The answer must be the full data, restated word for word, with no pictures in it.

[RAW DATA — start]

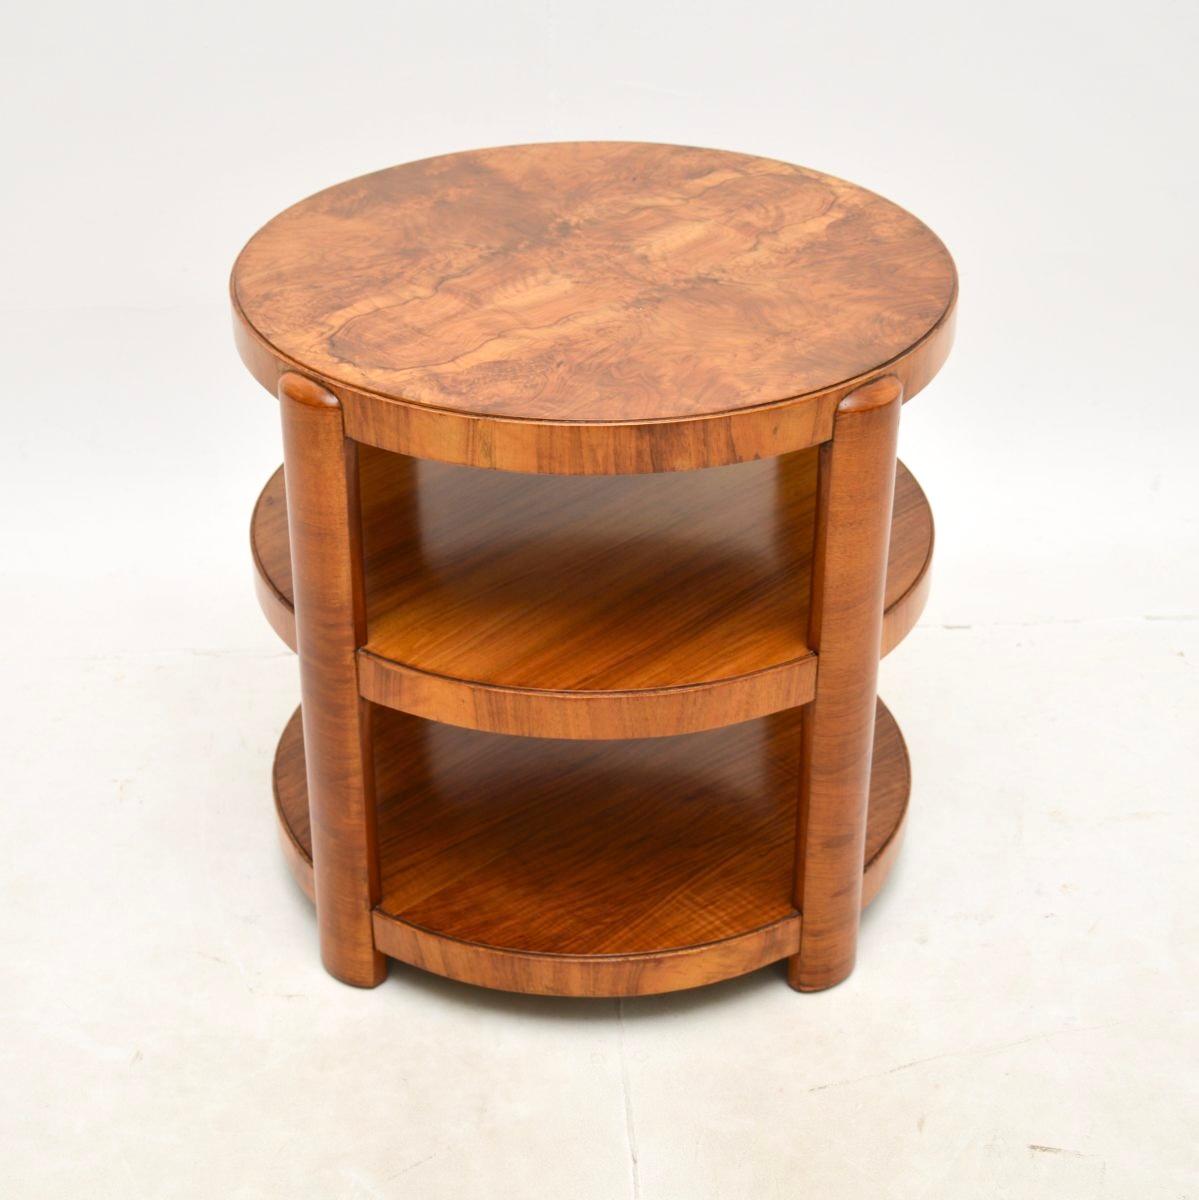 A stylish and extremely well made Art Deco walnut occasional side / coffee table. This was made in England, it dates from the 1920-30’s.

The quality is outstanding, this is beautifully crafted with a circular top, nicely moulded legs and an
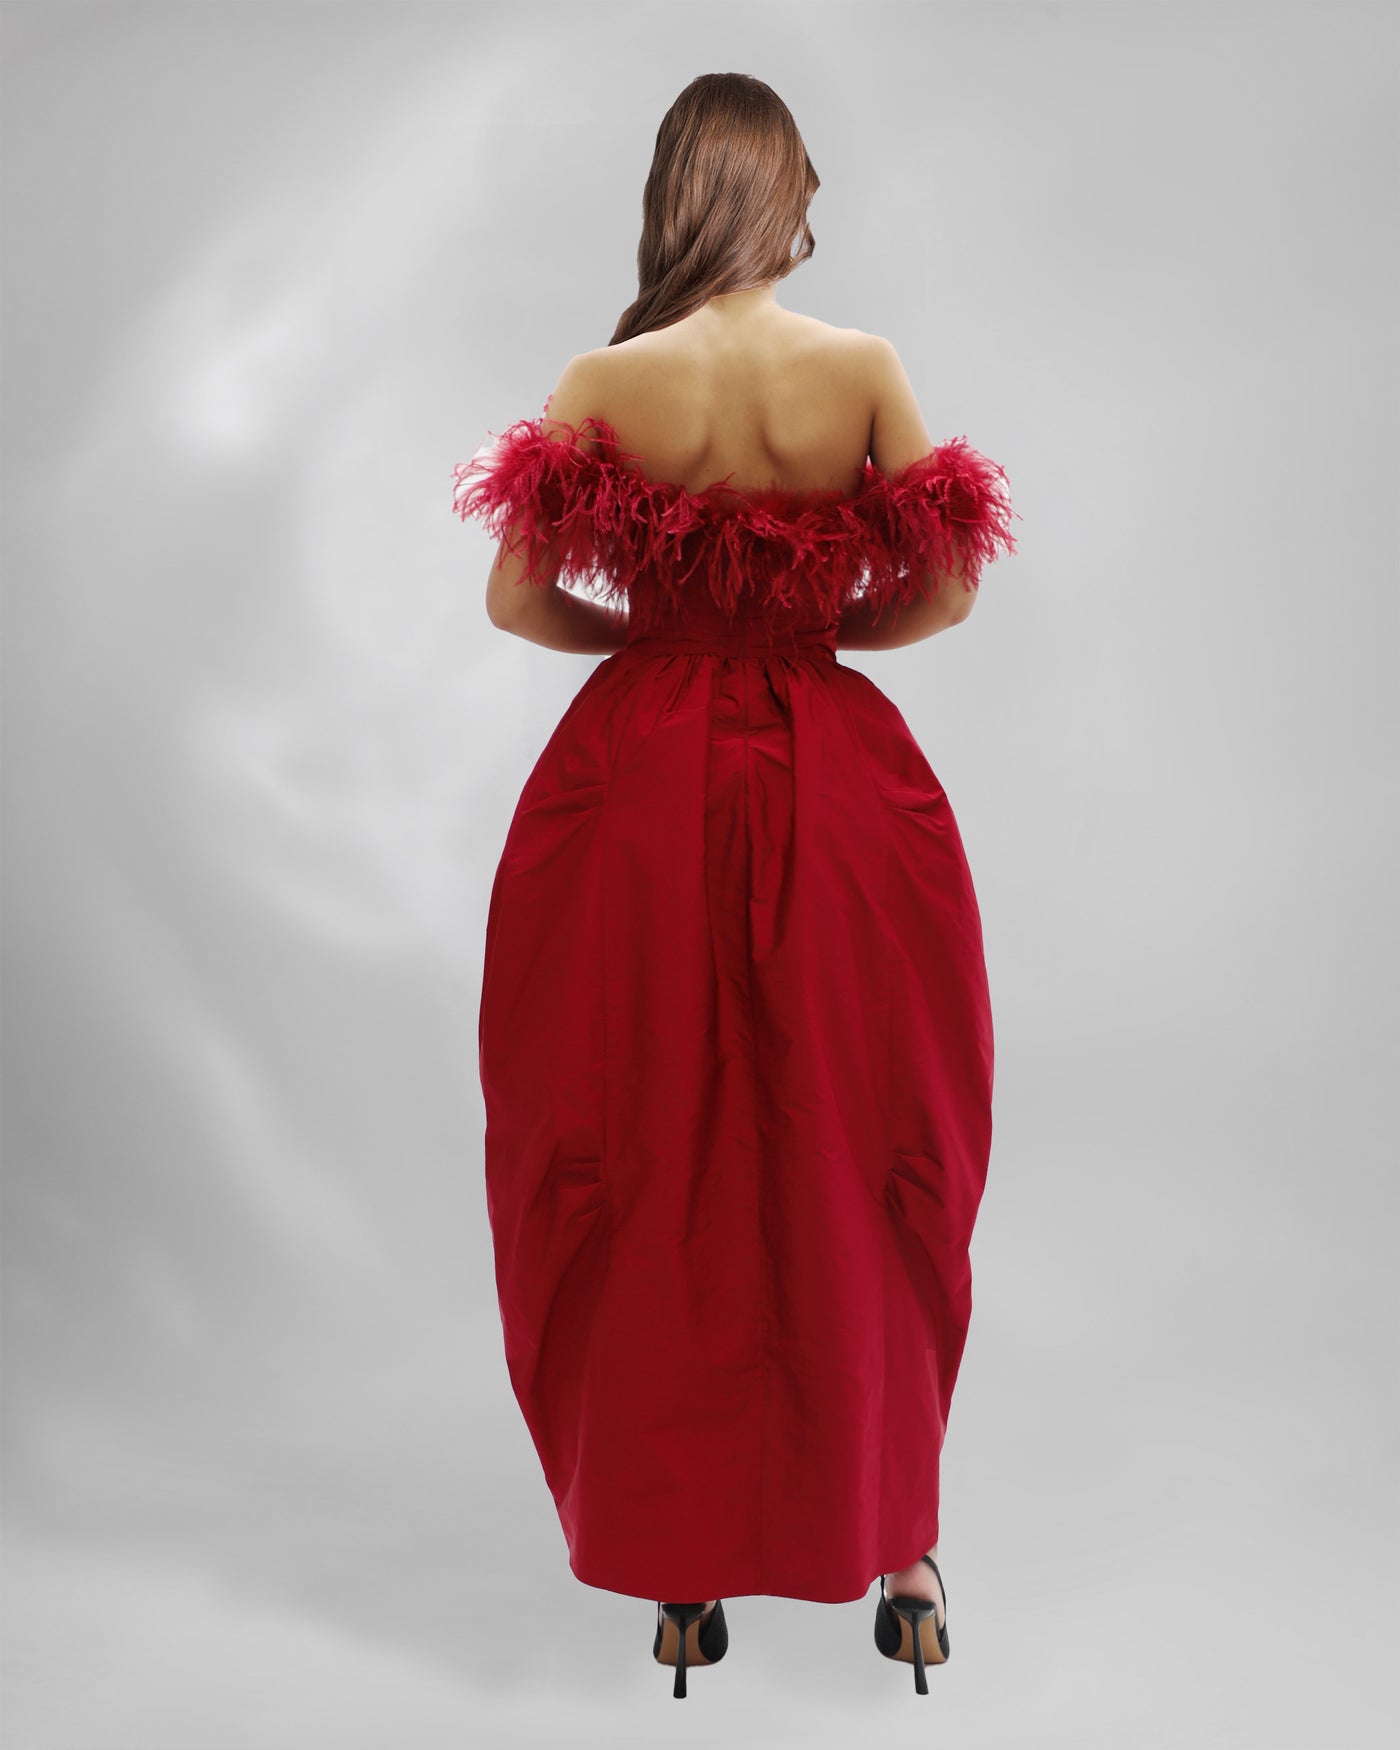 Feathered Puffed Red Dress

[RAW DATA — finish]

▶ [TASK RESPONSE]:
 A stylish and extremely well made Art Deco walnut occasional side / coffee table. This was made in England, it dates from the 1920-30’s.

The quality is outstanding, this is beautifully crafted with a circular top, nicely moulded legs and an
 Feathered Puffed Red Dress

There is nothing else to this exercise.